Я вырываю из рук Хасана винтовку, проверяю магазин и хромаю к двери. Нога горит огнем с каждым неровным шагом, но у меня нет времени на боль.

— Я не сбегаю, Рания. Я чертов морпех. Морпехи не сбегают.

Хасан идет за мной, что-то быстро и зло говоря по-арабски. Я ничего не понимаю, но думаю, что он зол из-за того, что я украл его винтовку. Разворачиваюсь к нему лицом.

— Защити свою сестру. Спрячь ее. Защити.

— Дай мне мое ружье, Американец, — сказано на медленном арабском.

Я передаю ему свой нож.

— Используй лучше это.

— Погоди, — говорит Рания. Она приносит что-то, завернутое в простыню. — Это твое оружие, Хантер. Я не знала, что с ним делать, поэтому спрятала.

Я развязываю узел и вижу свой М-16, запасные патроны и потрепанный бронежилет, ржаво-алый от моей крови.
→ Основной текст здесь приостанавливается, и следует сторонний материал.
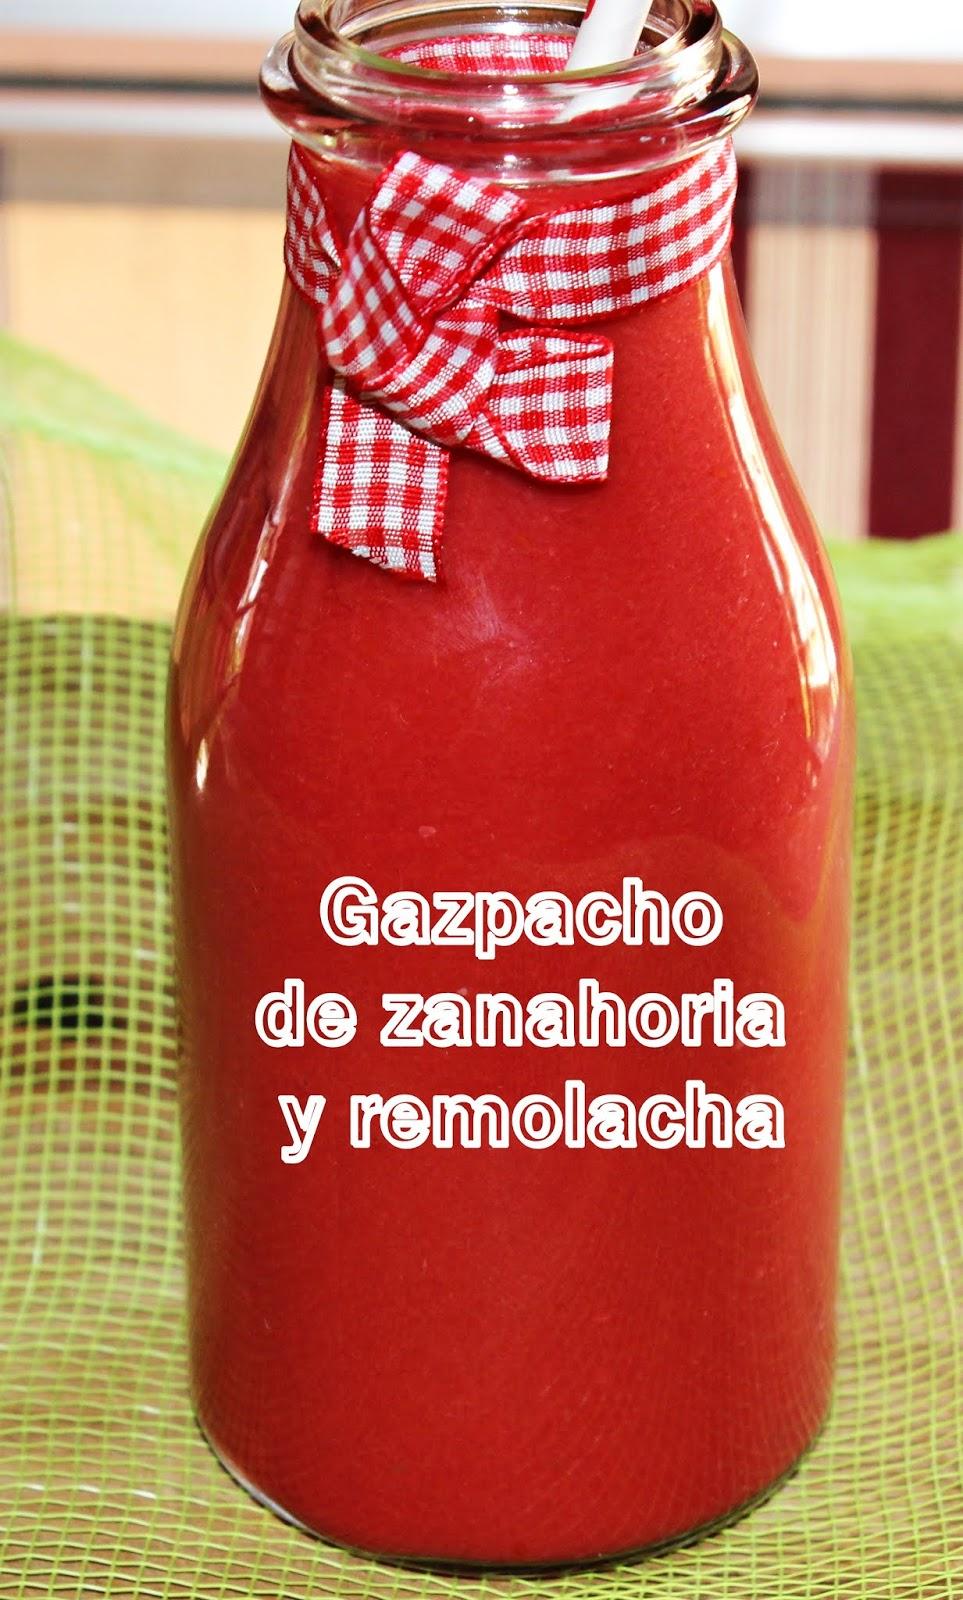 GAZPACHO DE REMOLACHA Y ZANAHORIA {CON THERMOMIX}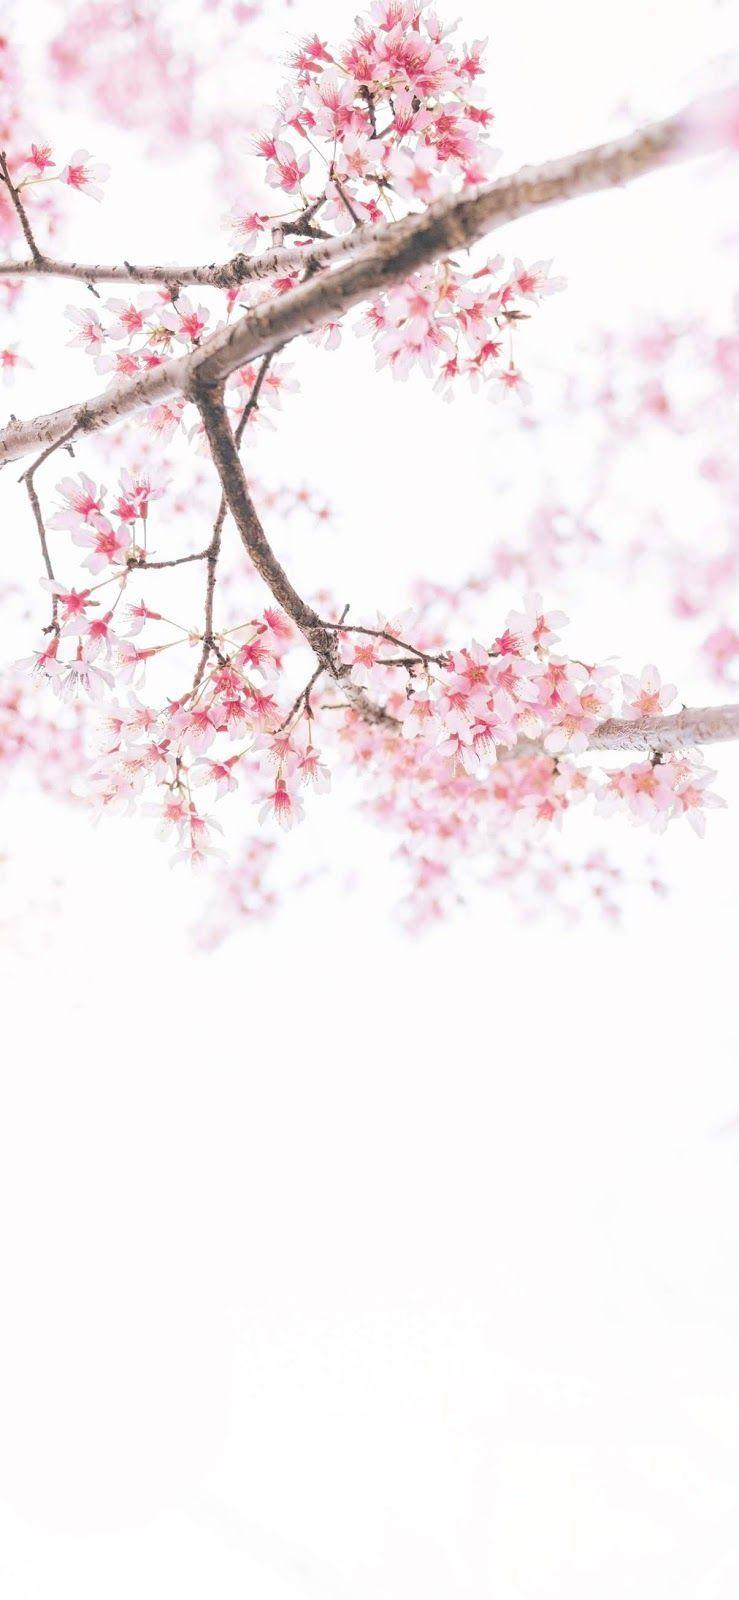 Cherry Blossom Wallpaper Iphone Xs Max Cherry Blossom Wallpaper Cherry Blossom Wallpaper Iphone Beautiful Wallpapers Attractive iphone xs max wallpaper girly

«О, да», — говорю я про себя. — «Реальная вещь».

Броском возвращаю Хасану винтовку и надеваю броню на майку. Нужно бы уделить немного любви, но сейчас нет на это времени. Я могу чувствовать, как на нас движется дерьмо. Кровь кипит, готовая к битве. Я собираюсь прикончить этого чертова ублюдка Абдула. Он покойник… только еще не знает об этом.

Чувствую маленькую ладошку на своей руке и дыхание Рании на шее. Прижимаю ее ближе одной рукой.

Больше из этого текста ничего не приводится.